DATASET CONTENT:
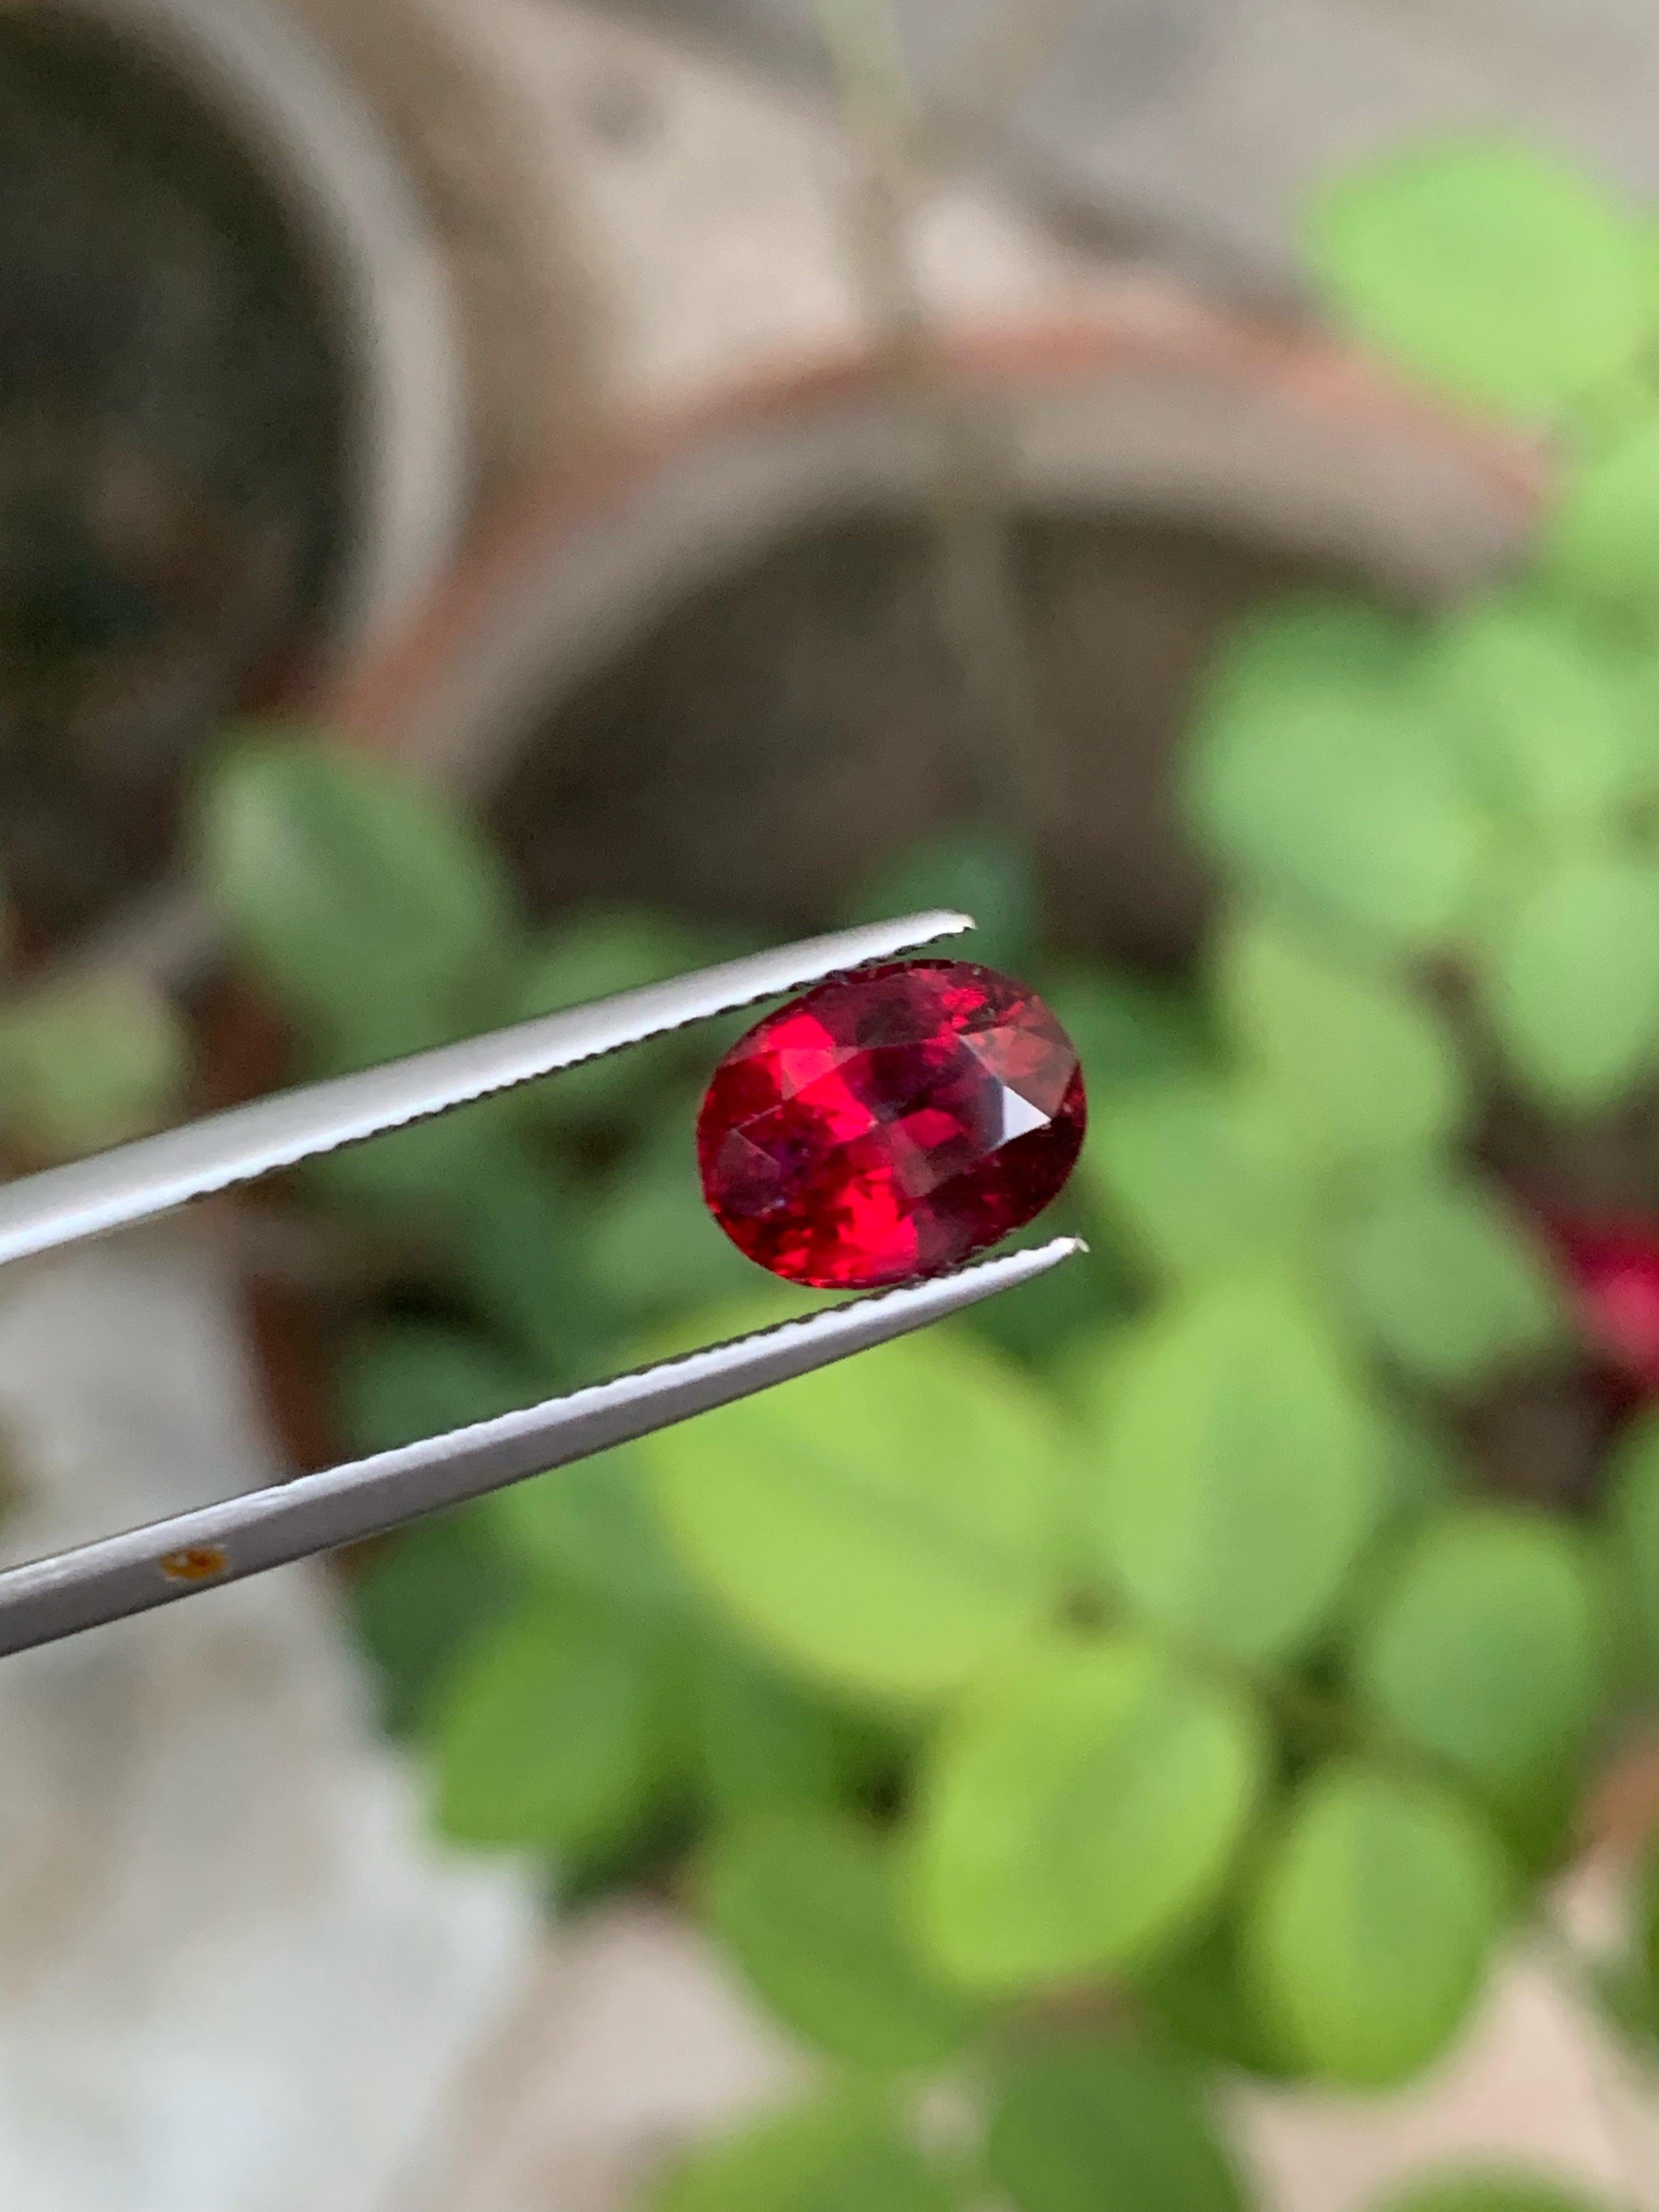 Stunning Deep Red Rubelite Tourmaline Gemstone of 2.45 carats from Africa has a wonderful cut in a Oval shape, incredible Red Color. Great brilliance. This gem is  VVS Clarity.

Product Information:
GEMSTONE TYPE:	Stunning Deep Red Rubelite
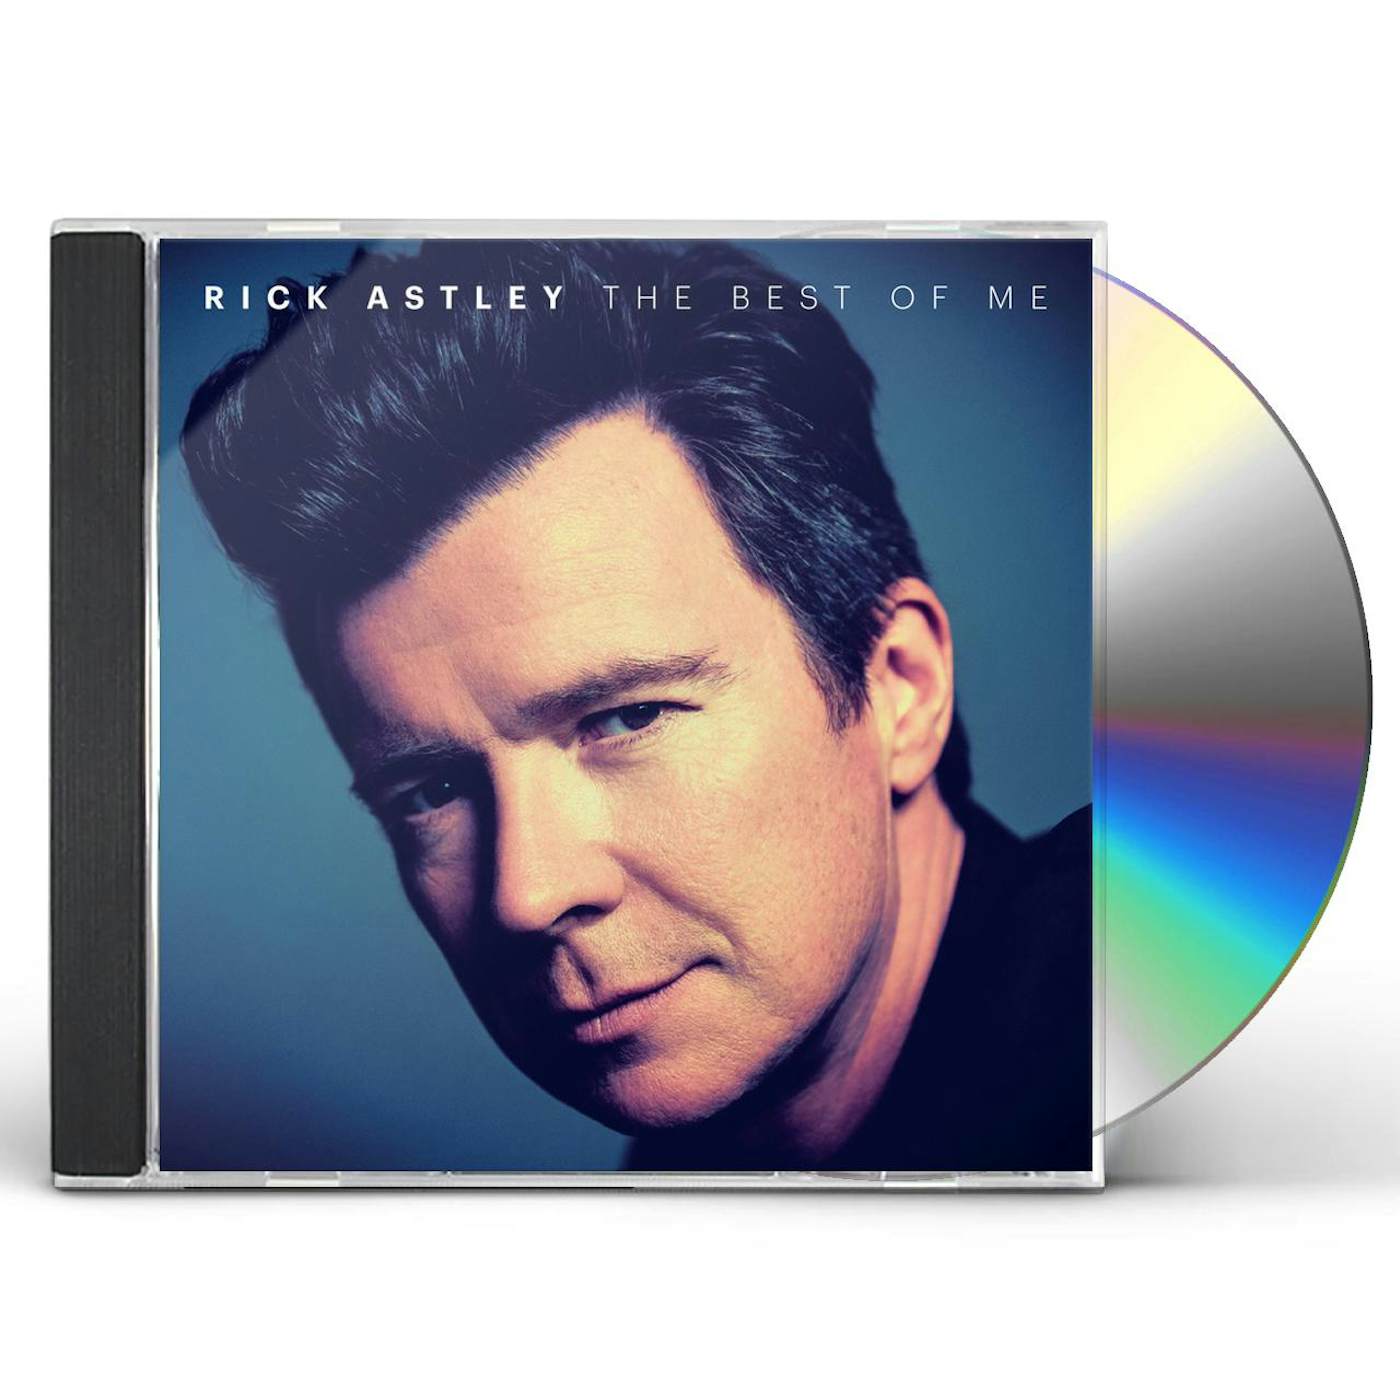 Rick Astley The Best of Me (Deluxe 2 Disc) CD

WORK TO BE COMPLETED: No pictures go in the copy. Set down all the data exactly.

ANSWER TO THIS PROBLEM:
 Stunning Deep Red Rubelite Tourmaline Gemstone of 2.45 carats from Africa has a wonderful cut in a Oval shape, incredible Red Color. Great brilliance. This gem is  VVS Clarity.

Product Information:
GEMSTONE TYPE:	Stunning Deep Red Rubelite
 Rick Astley The Best of Me (Deluxe 2 Disc) CD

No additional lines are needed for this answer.